━━ Input data

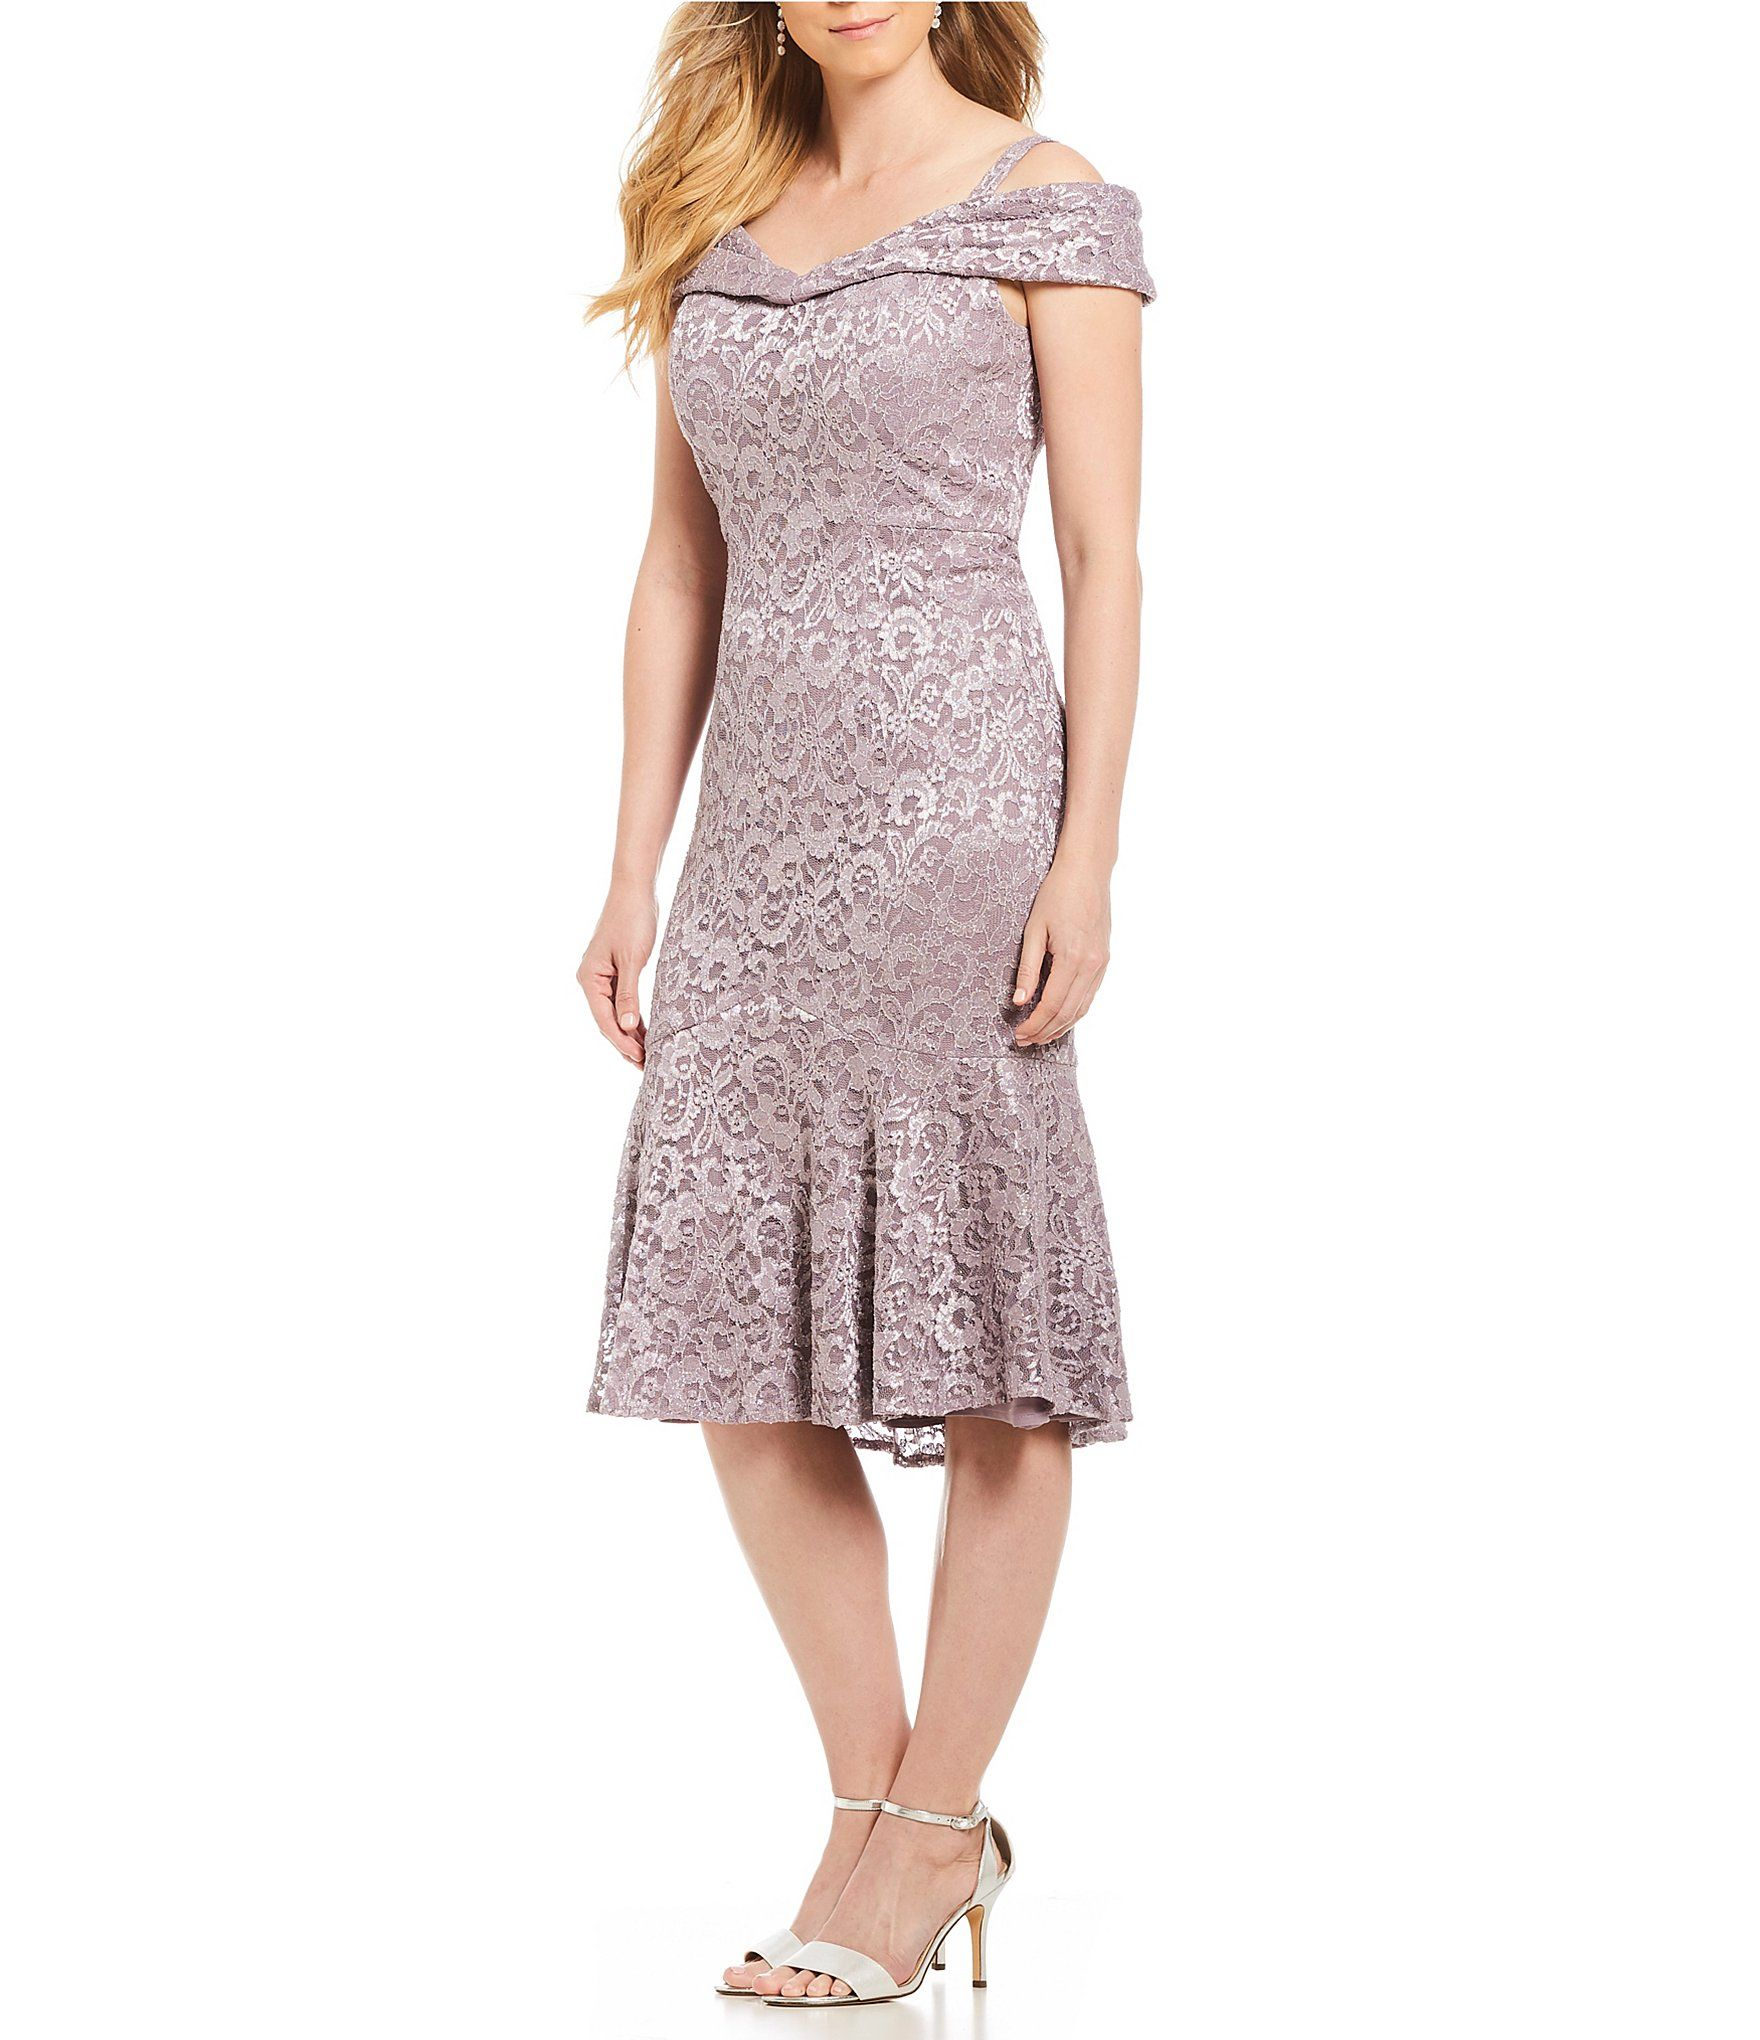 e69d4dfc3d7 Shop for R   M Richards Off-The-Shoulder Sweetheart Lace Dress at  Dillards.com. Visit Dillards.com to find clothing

━━━━
━━ Input data

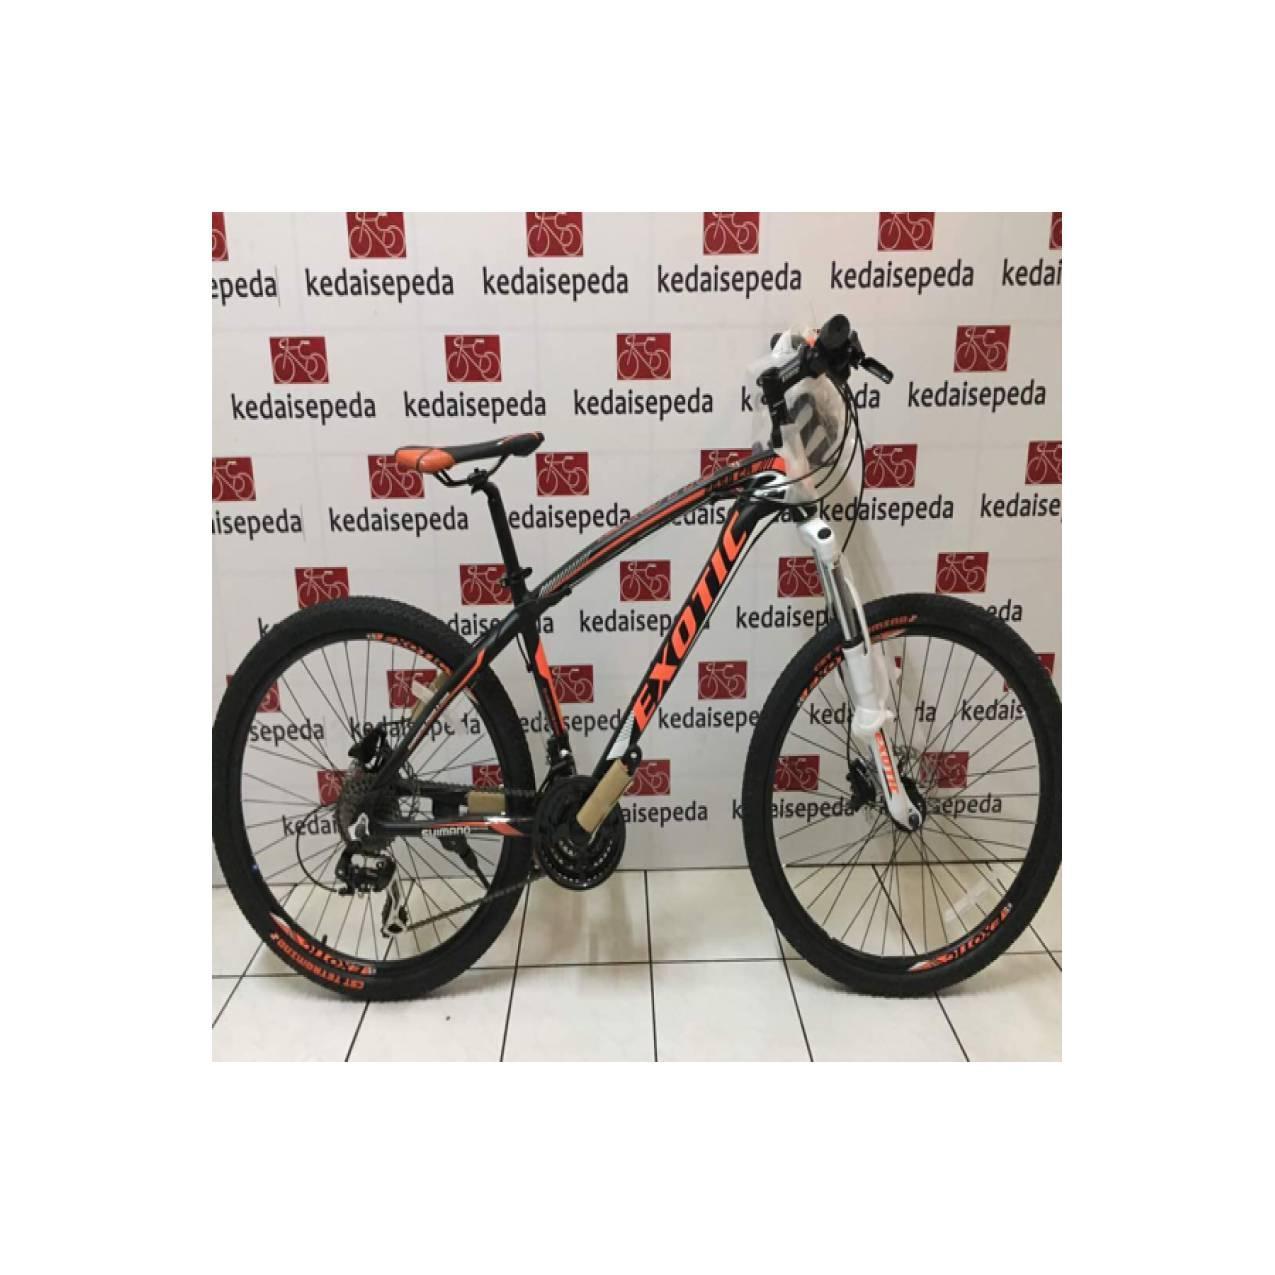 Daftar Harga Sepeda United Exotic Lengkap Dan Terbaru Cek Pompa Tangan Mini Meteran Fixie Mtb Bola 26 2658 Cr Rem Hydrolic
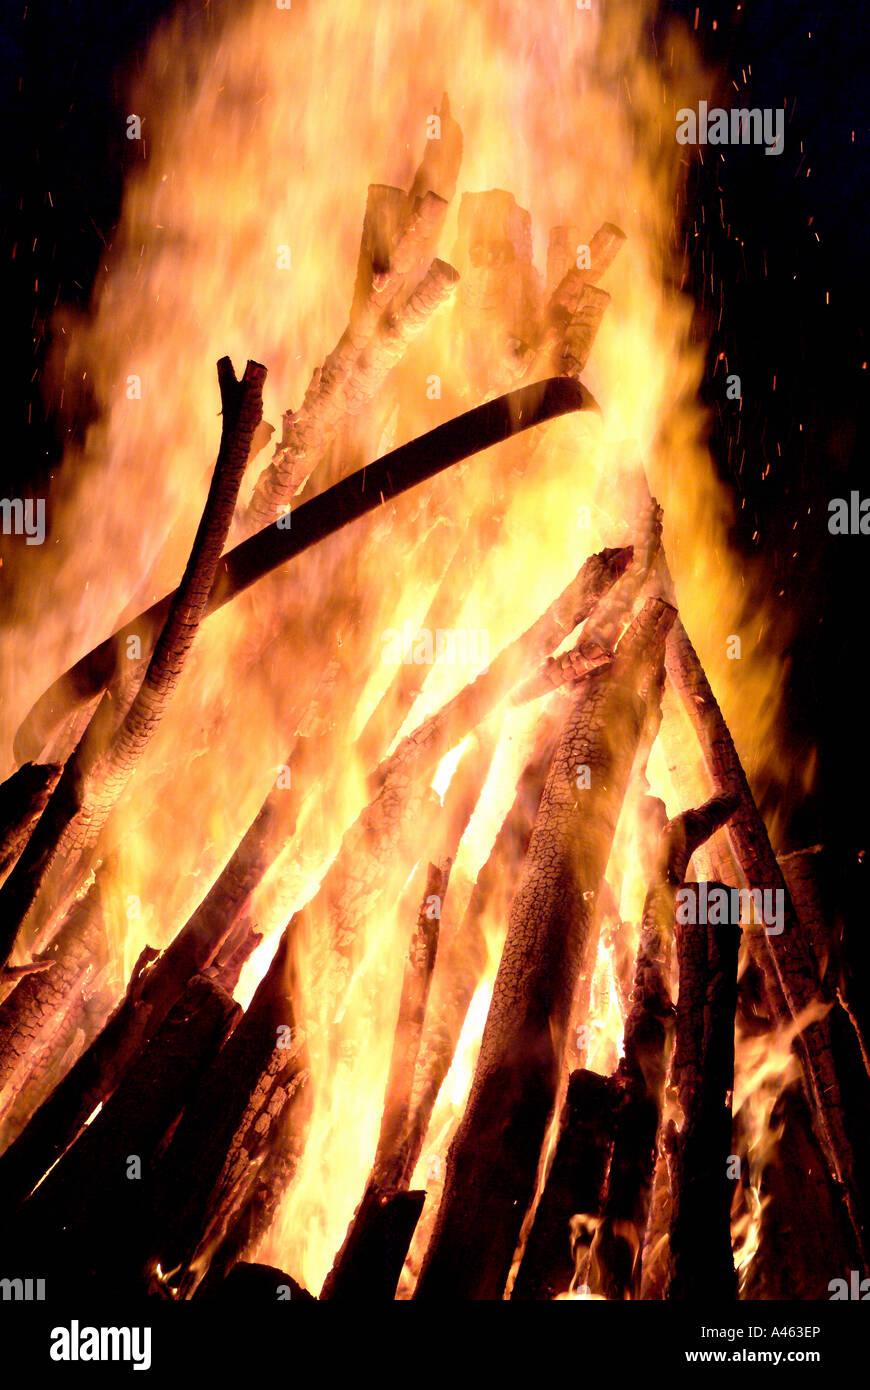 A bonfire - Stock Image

━━━━

Directions for this task:
Would you set down only the lines above from the line with "Daftar Harga Sepeda" to the line with "A bonfire - Stock Image", both included, exactly as they stand and without the pictures?

Your solution:
 Daftar Harga Sepeda United Exotic Lengkap Dan Terbaru Cek Pompa Tangan Mini Meteran Fixie Mtb Bola 26 2658 Cr Rem Hydrolic
 A bonfire - Stock Image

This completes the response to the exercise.